Proposal: Map.split

Chris Miller

unread,

Dec 13, 2021, 1:42:45 PM12/13/21

to elixir-lang-core

Is there any interest in adding a `Map.split_with/2` that would take a function of `{key :: any(), value :: any()} -> boolean` and returns `{map_where_true :: map(), map_where_false :: map()}`?

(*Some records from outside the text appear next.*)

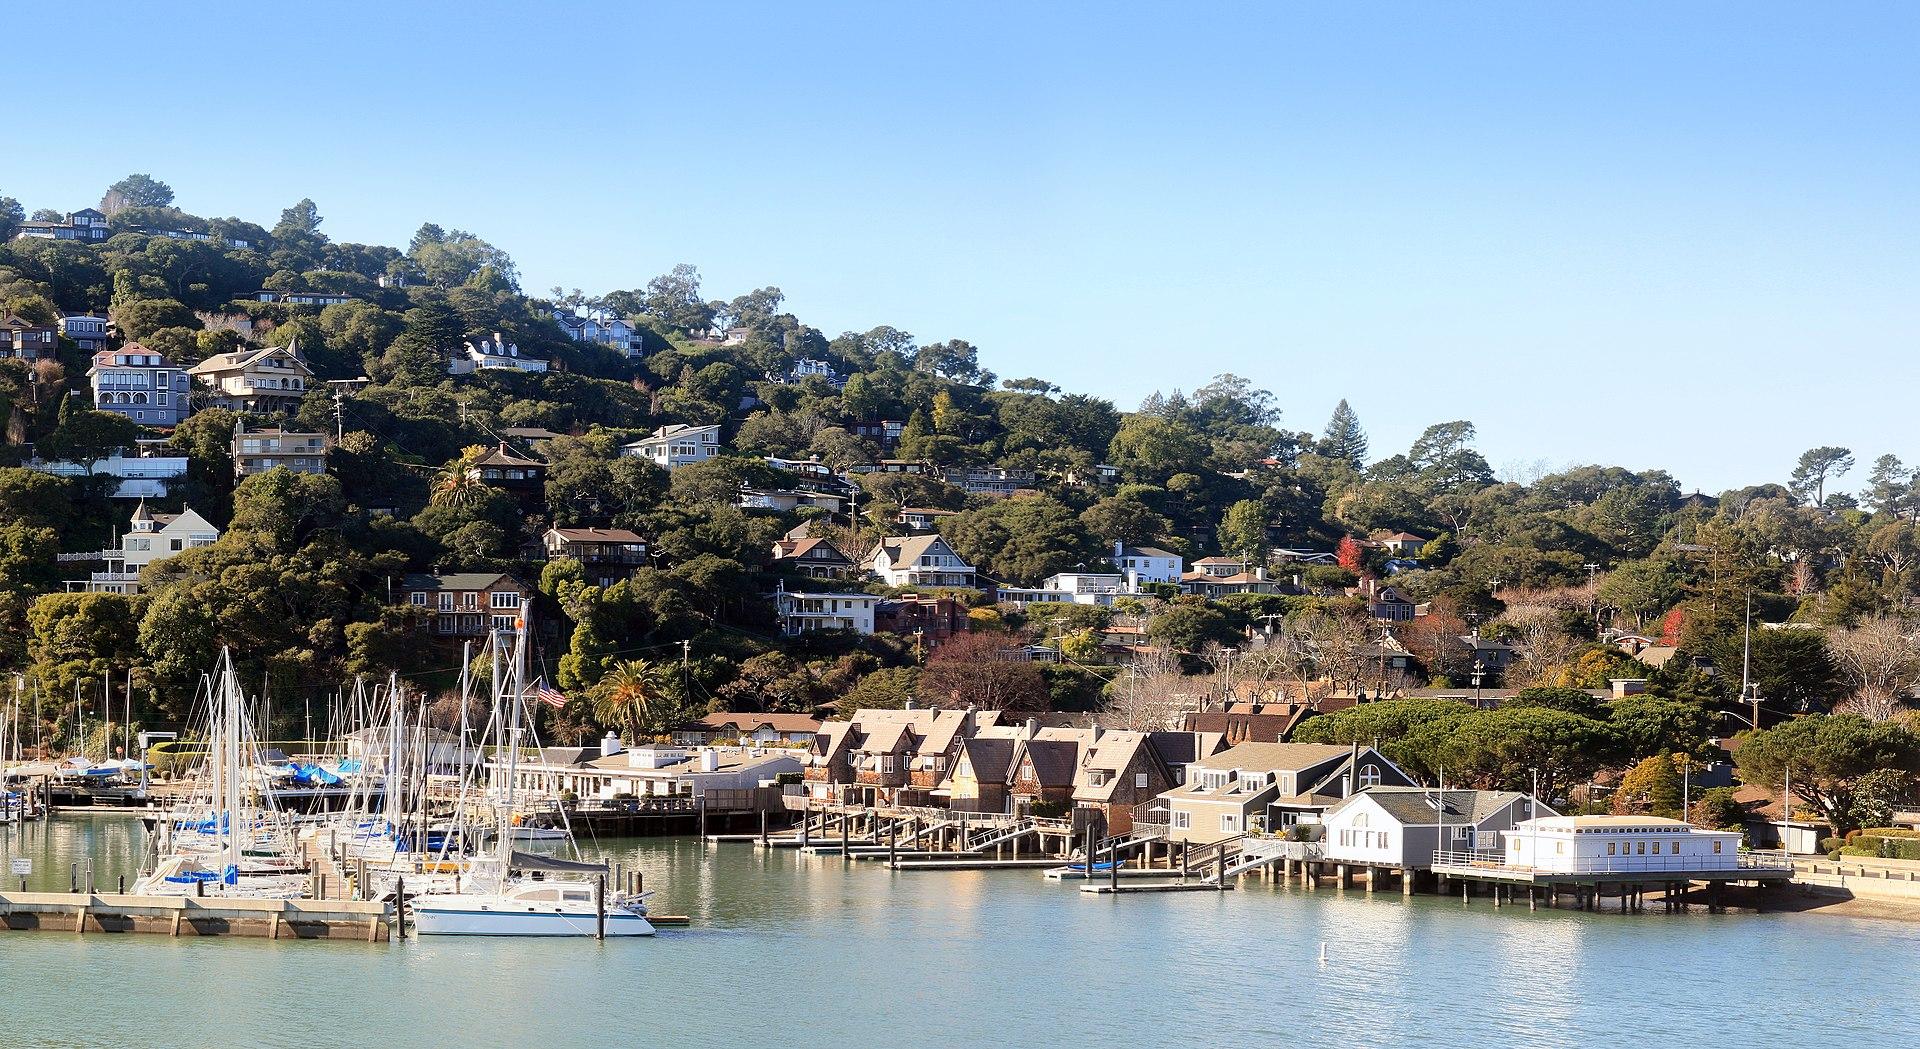 James Island Yacht Club Membership
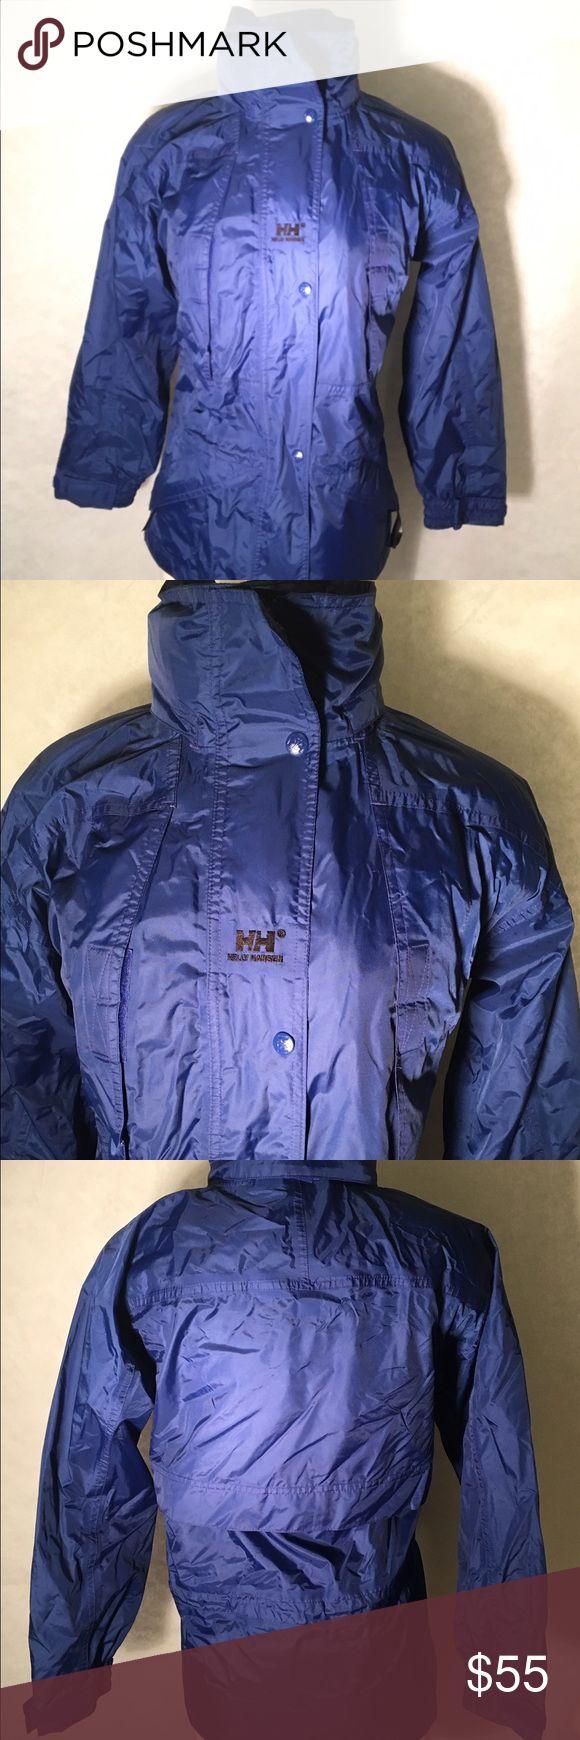 Helly Hansen Excellent Condition Helly Hansen Jackets & Coats
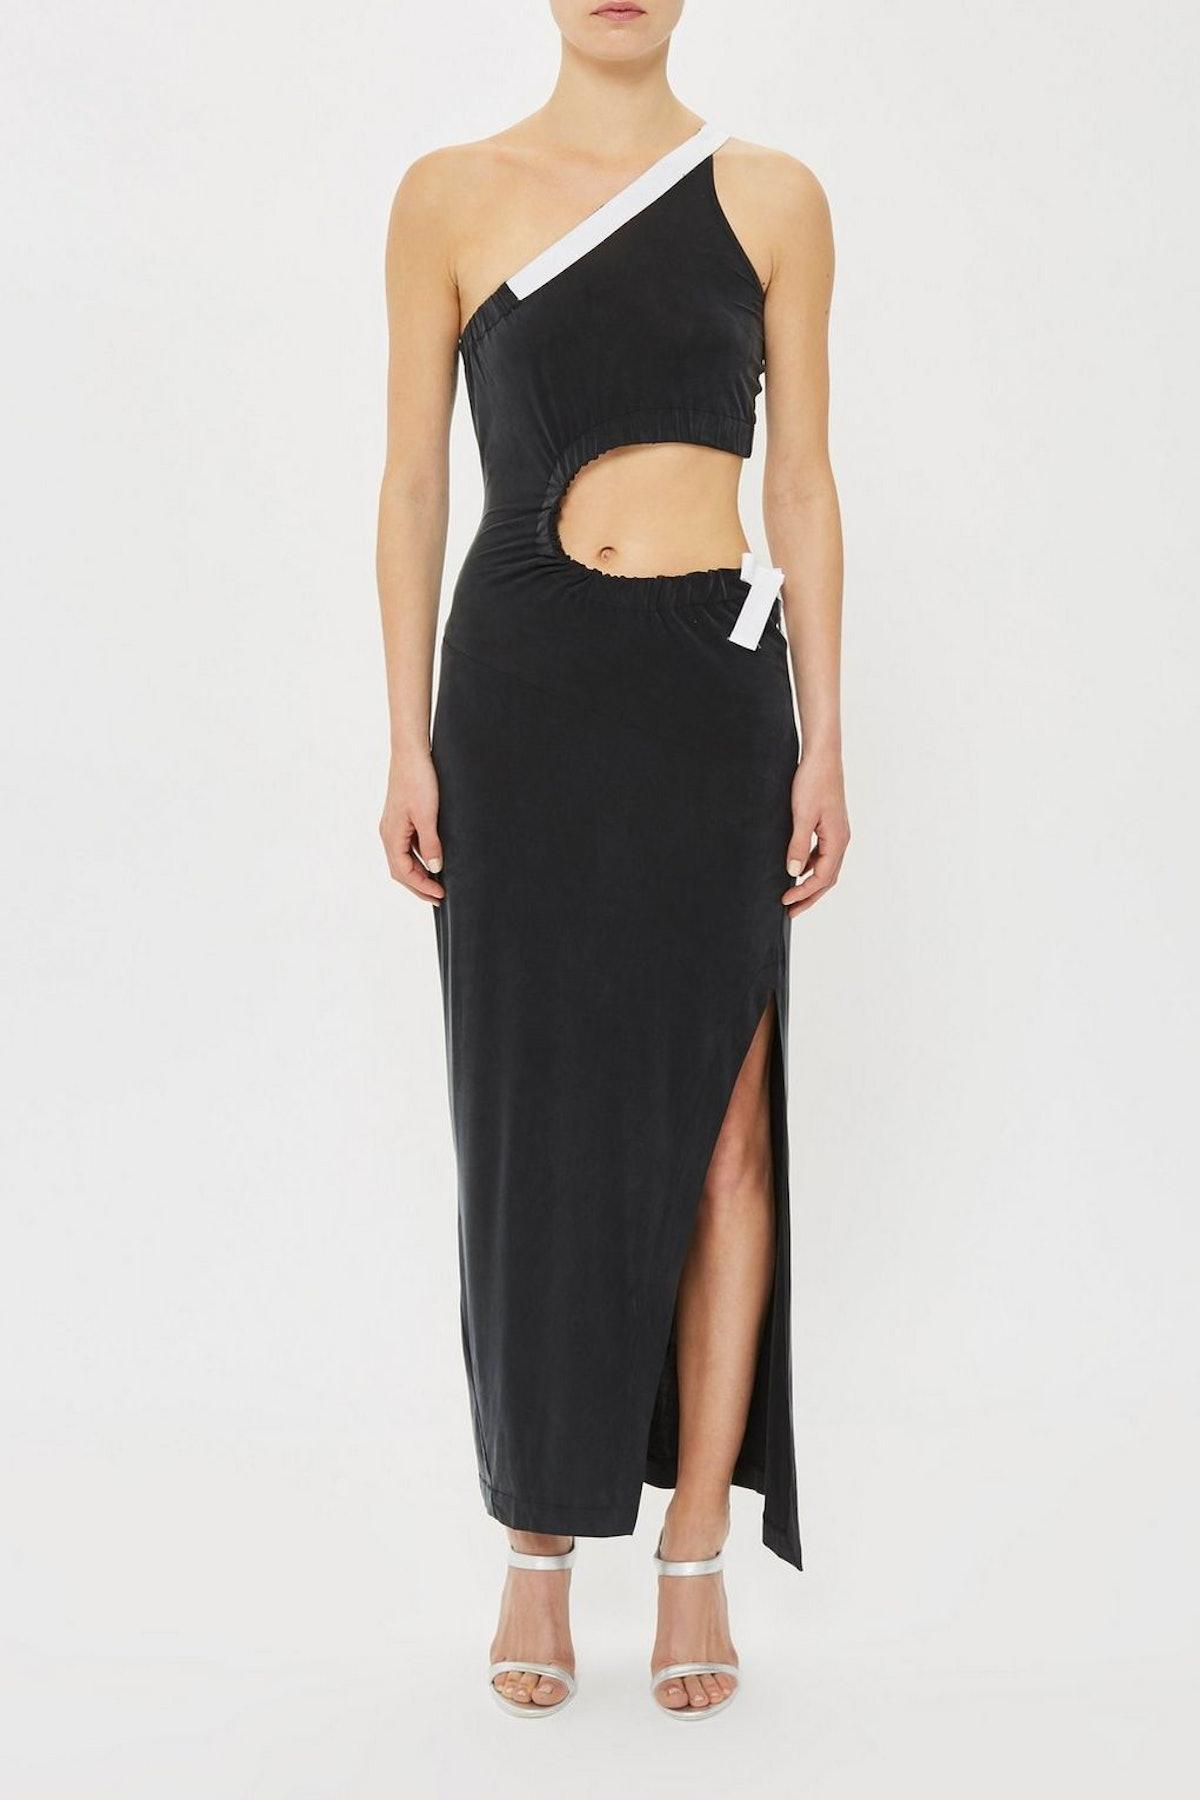 Cremorne Maxi Dress by Boutique
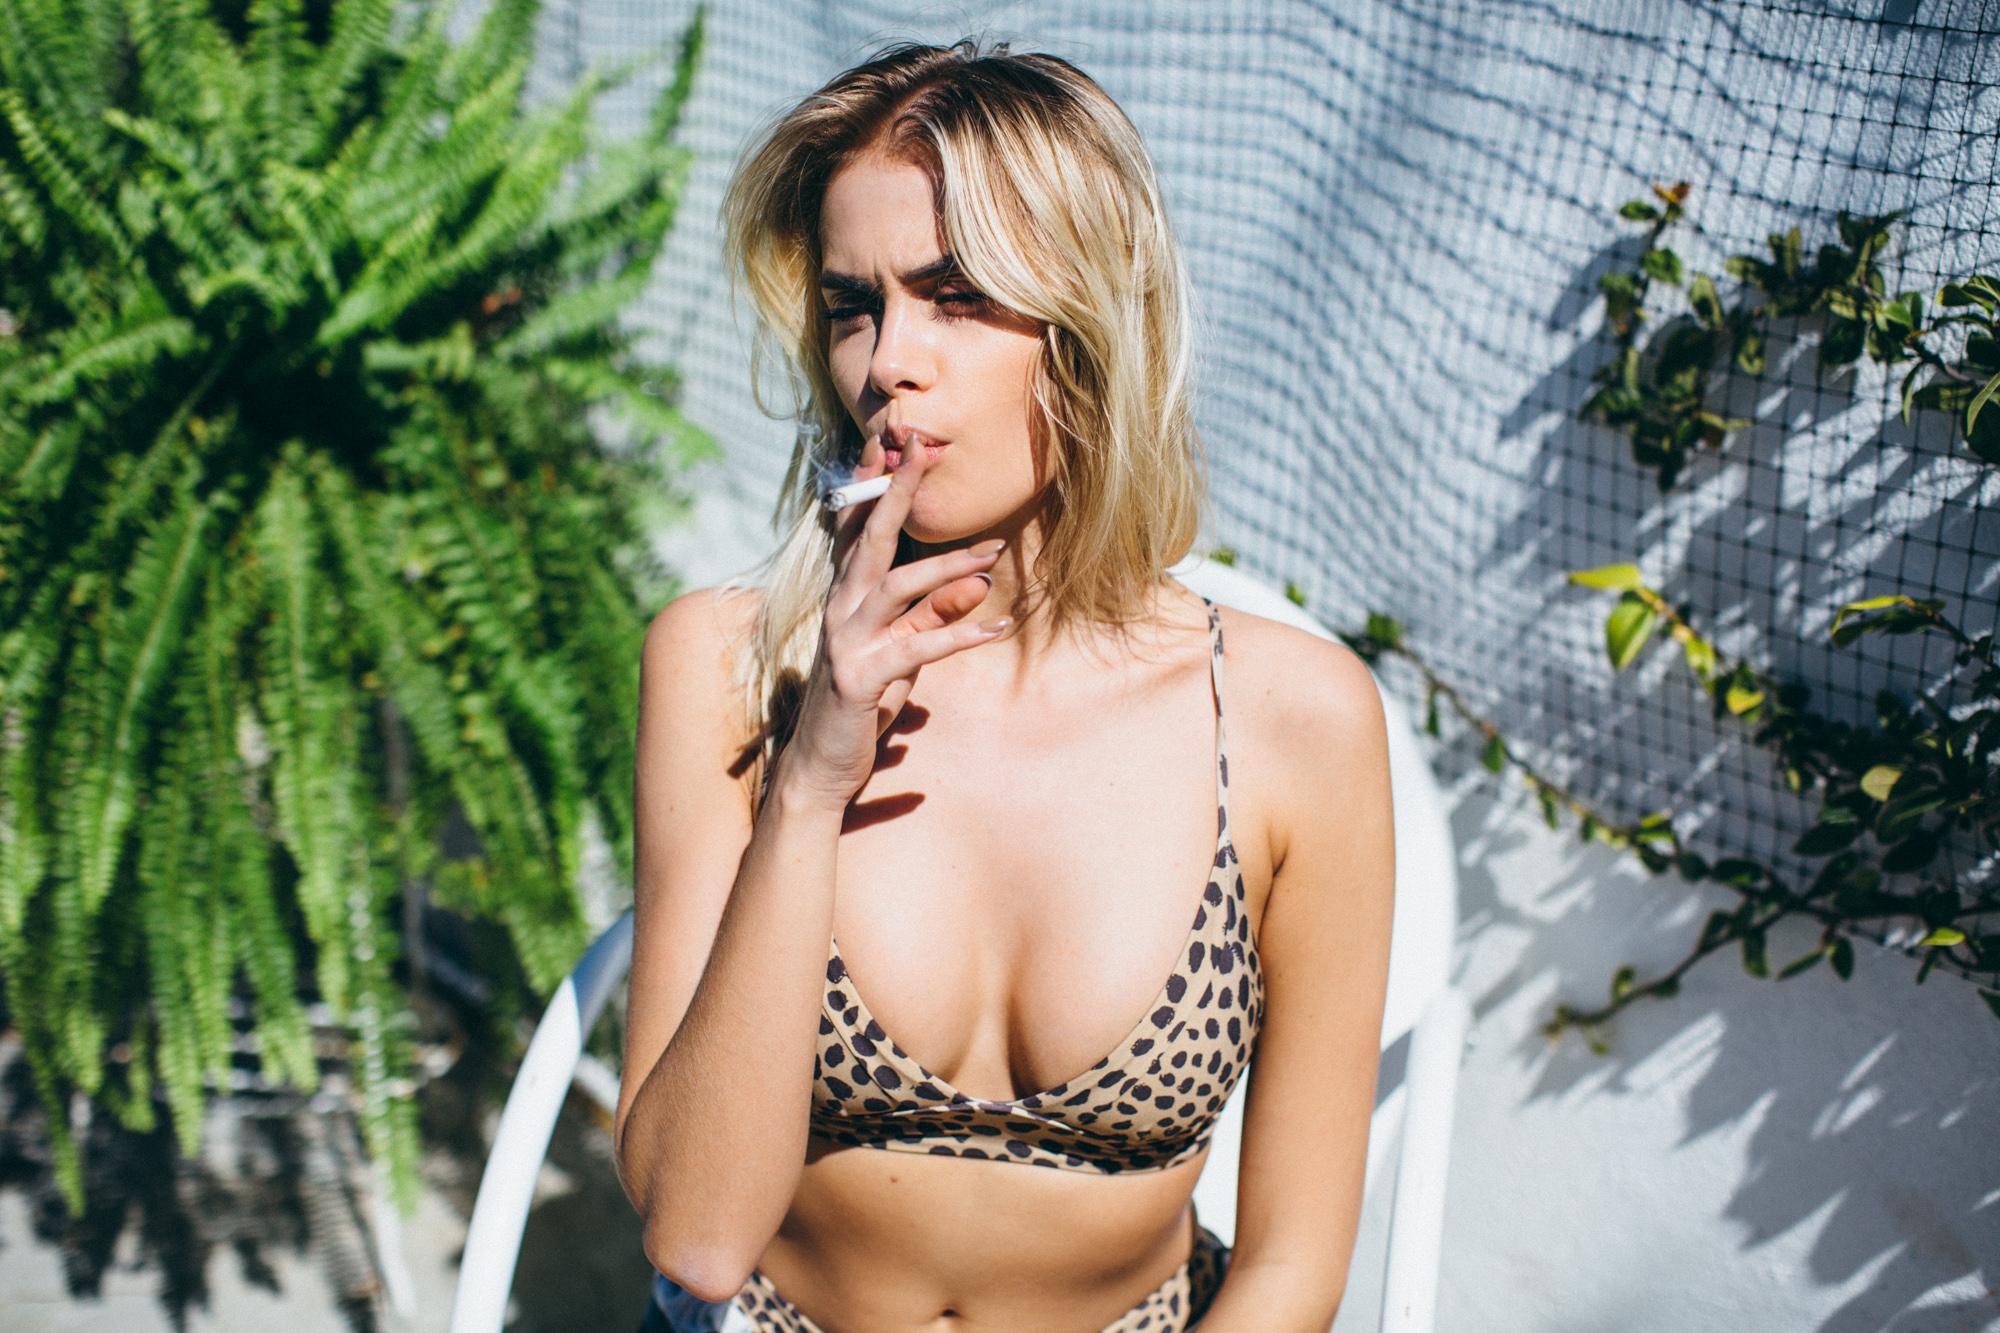 Sophia Sinclair for Playboy

I know this functionality can be created easily with the functionality thats already exposed, but it seems like it might be a nice addition and would add greater parity between Enum and Map - it could also be added to Keyword, even thought the distinction between Keyword.split_with and Enum.split_with would be nominal.

José Valim

unread,

Dec 13, 2021, 1:51:30 PM12/13/21

to elixir-lang-core

Hi Chris,

Thanks for the proposal.

I would like to first see benchmarks that show a Map implementation can be considerably more efficient. Otherwise, if it is about saving a couple Map.new calls, then I would rather not add it, as it will move to copying many more functions from Enum to Map.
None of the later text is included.